ACTUS-101 is an adeno-associated virus (AAV) gene therapy that aims to address the deficiency of acid-alpha-glucosidase (GAA) in patients with Pompe disease. GAA deficiency leads to deleterious progressive accumulation of glycogen in organs and tissues, especially skeletal and cardiac muscle, leading to high morbidity and premature death. The current standard of care for patients with Pompe is enzyme replacement therapy (ERT).
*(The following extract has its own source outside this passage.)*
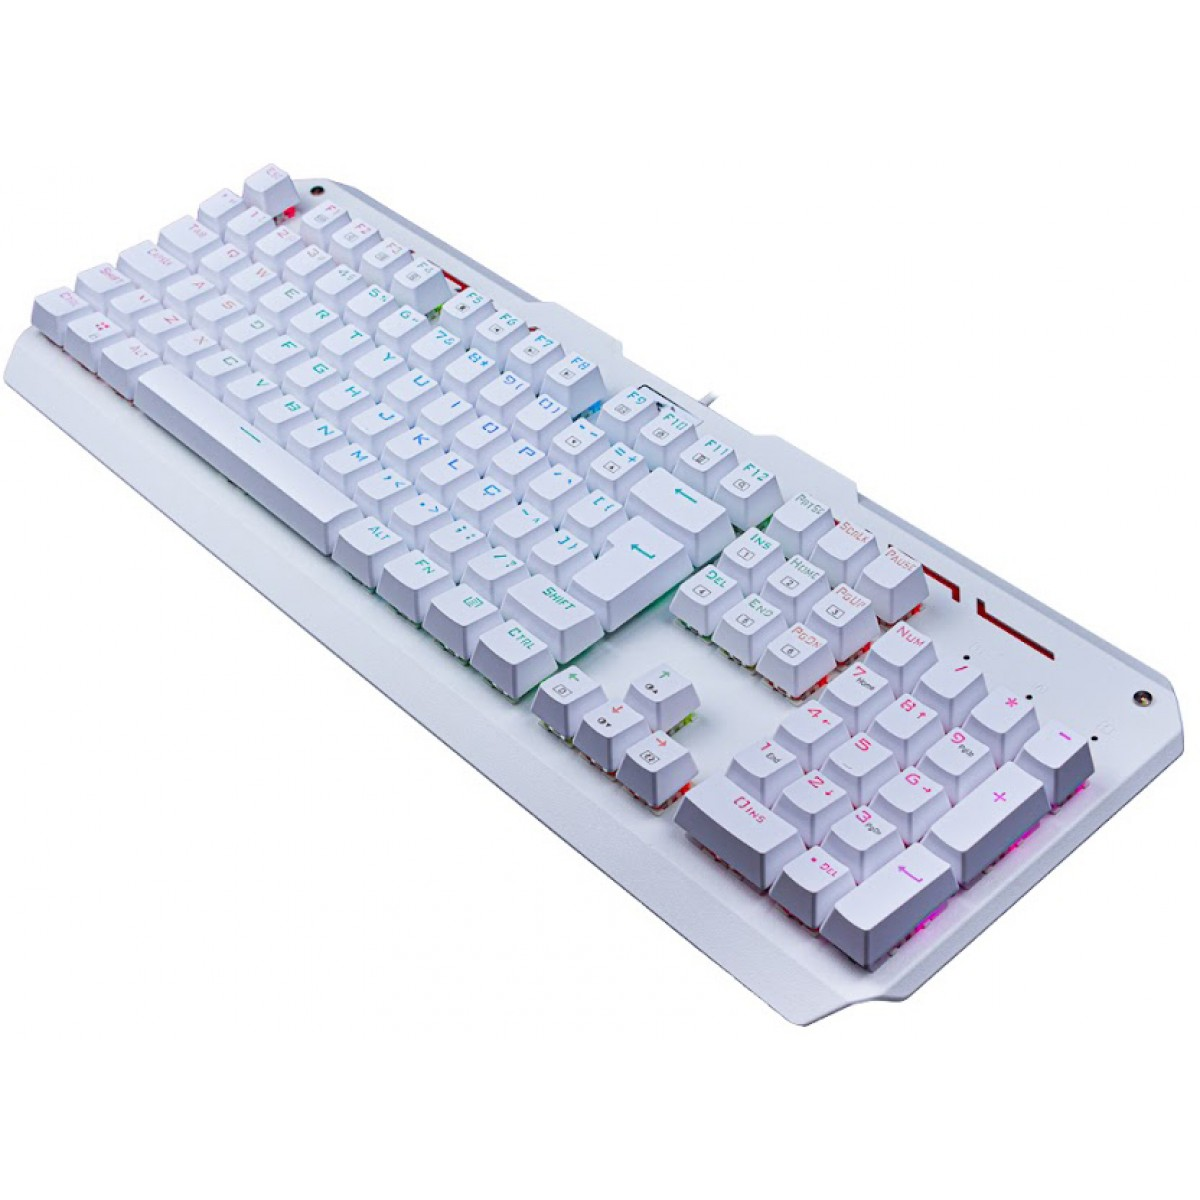 Teclado Mecânico Gamer Redragon Varuna Lunar K559W RGB, Switch Brown, ABNT2, White

Asklepios BioPharmaceuticalsis evaluating ACTUS-101 (AAV2/ 8-LSPhGAA) in patients with late-onset Pompe disease (LOPD) in a phase 1/2 clinical trial (NCT03533673).1The company announced that it had dosed the first patient in January 2019, although updates have been few and far in between since then. The trial is currently marked as active and not recruiting on clinicaltrials.gov.1

“This is an exciting milestone for our company but most importantly, if ACTUS-101 is successful, it could have a meaningful impact on the quality of life for those who suffer from Pompe Disease. Further, ACTUS 101 could replace enzyme replacement therapy (ERT) every other week with the potential to be a groundbreaking metabolic treatment for an unforgiving disease now showing up in an increasing number of patients” Sheila Mikhail, JD, Chief Executive Officer and Co-Founder at the time, AskBio, said in a statement about the milestone.2

The most recent data from the trial were presented at American Society of Gene & Cell Therapy 25th Annual Meeting (ASGCT) in May 2022, by Edward C. Smith, MD, pediatric neurologist and professor of pediatrics at Duke University School of Medicine.3

Investigators found that 2 weeks after treatment with AAV8-LSPhGAA, all participants demonstrated sustained serum GAA levels from 101% to 235% of baseline trough activity. All participants met criteria for ERT withdrawal at week 24 and continued to meet criteria to remain off ERT at weeks 52 and 104, although 1 participant chose to resume ERT at week 97.3

“Gene therapy with an adeno-associated virus serotype 8 (AAV8) vector (AAV8-LSPhGAA) could eliminate the need for ERT by creating a liver depot for acid-GAA production,” Smith and colleagues wrote.3

The clinical trial is assessing the safety, bioactivity, and immune responses following treatment with a single infusion of ACTUS-101. The study is primarily measuring the incidence of patient reported treatment emergent adverse events (TEAEs), serious AEs, and the number of participants with abnormal laboratory values. Secondary outcome measures include muscle AAV bioactivity; serum GAA bioactivity; glycogen content in muscle, anti-rhGAA antibody formation, muscle status testing by 6 minute walk test, Gross Motor Function Measure, Quick Motor Function Test (QMFT) Measure,Timed up and Go (TUG), and Gait, Stairs, Gower, Chair;and Pulmonary Function Testing.1

The inclusion criteria for the study are individuals diagnosed with Pompe disease via blood or skin fibroblast GAA assay and confirmed with 2 pathogenic variants in the GAA gene, aged 18 years or older at enrollment, capable of providing written informed consent, able to walk at least 100 meters on the 6-minute walk test (with assistive devices allowed), and having forced vital capacity (FVC) within the range of 30% to less than 90% of predicted in the upright position. Additionally, eligible subjects must have confirmed LOPD, have received enzyme replacement therapy ERT for at least 104 weeks immediately preceding screening, and have been on a stable ERT dose for the 52-week period immediately preceding dosing.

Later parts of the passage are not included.